- Problem description
The data that follows must be transcribed in full and exactly, minus the pictures.

- Dataset excerpt
------------------------------------

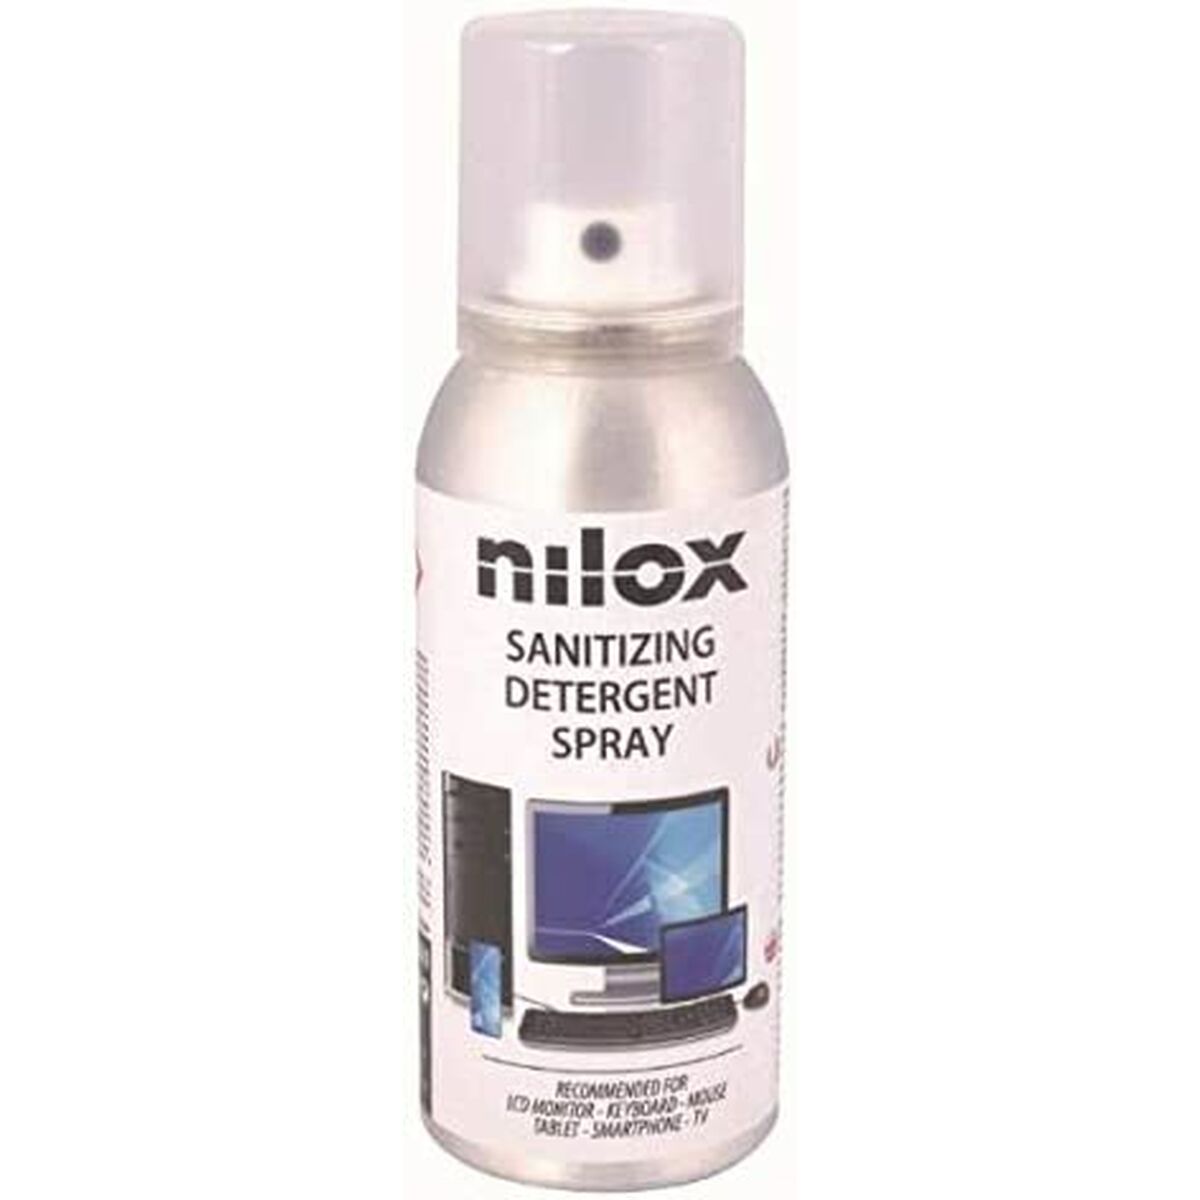 Verdichtendes Spray Nilox NXA04016
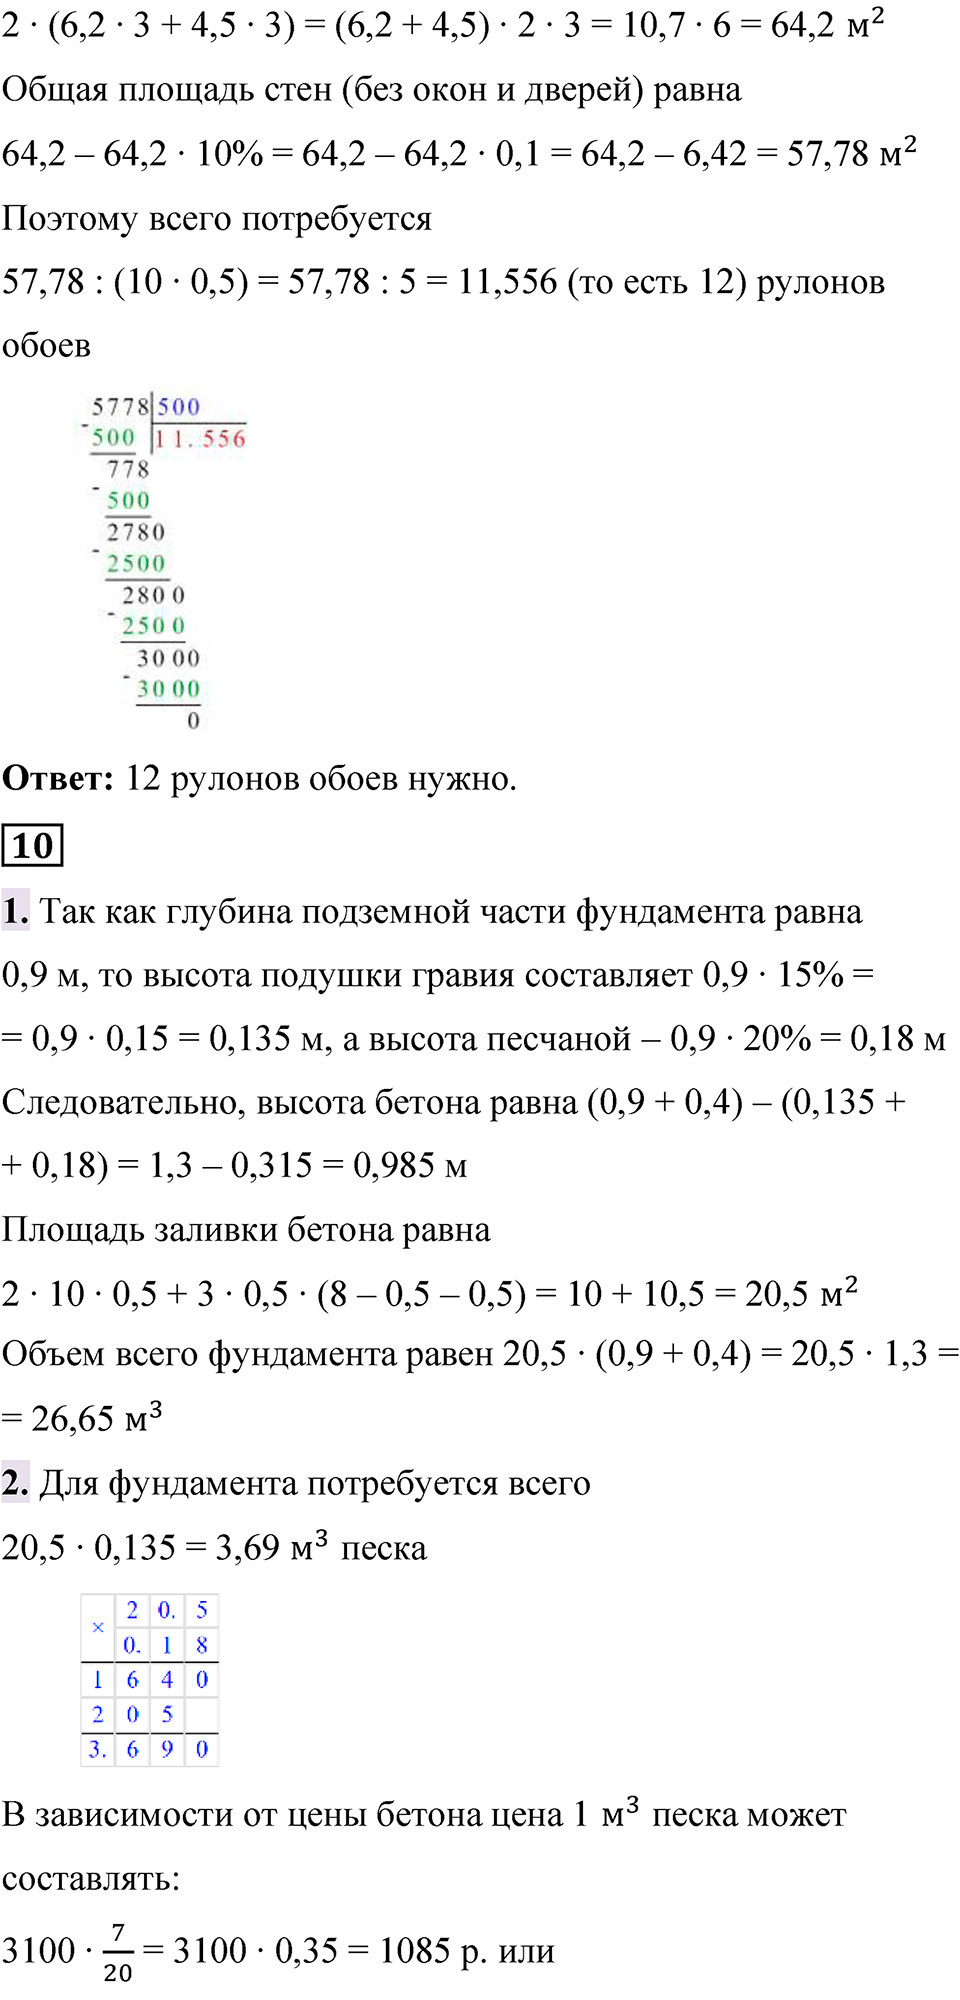 страница 120-123 Применяем математика математика 6 класс Виленкин часть 2 просвещение ФГОС 2023
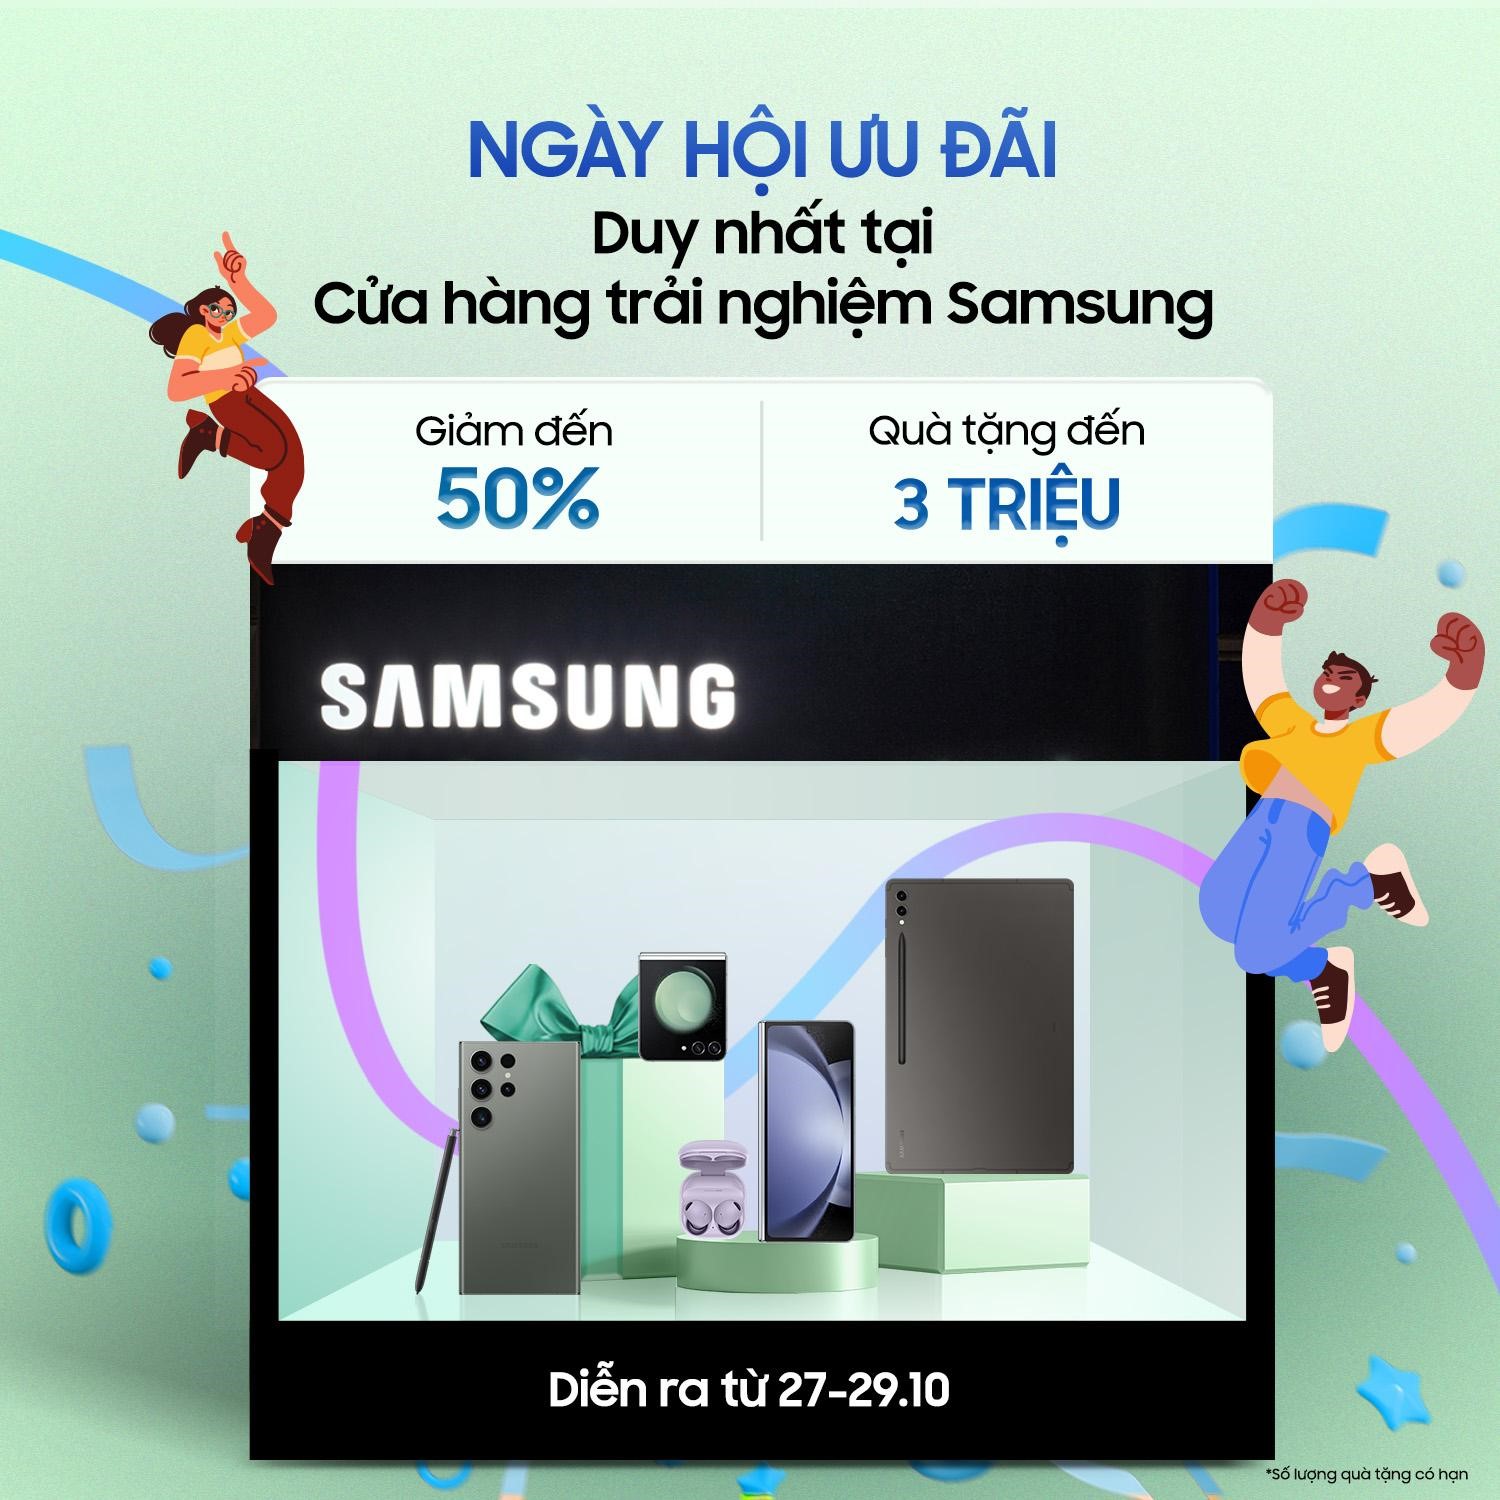 Duy nhất tại Cửa Hàng Trải Nghiệm Samsung: Tạo dáng check-in nhận về bộ quà tặng độc quyền từ Samsung - ảnh 5

------------------------------------

- Solution to this task
 Verdichtendes Spray Nilox NXA04016
 страница 120-123 Применяем математика математика 6 класс Виленкин часть 2 просвещение ФГОС 2023
 Duy nhất tại Cửa Hàng Trải Nghiệm Samsung: Tạo dáng check-in nhận về bộ quà tặng độc quyền từ Samsung - ảnh 5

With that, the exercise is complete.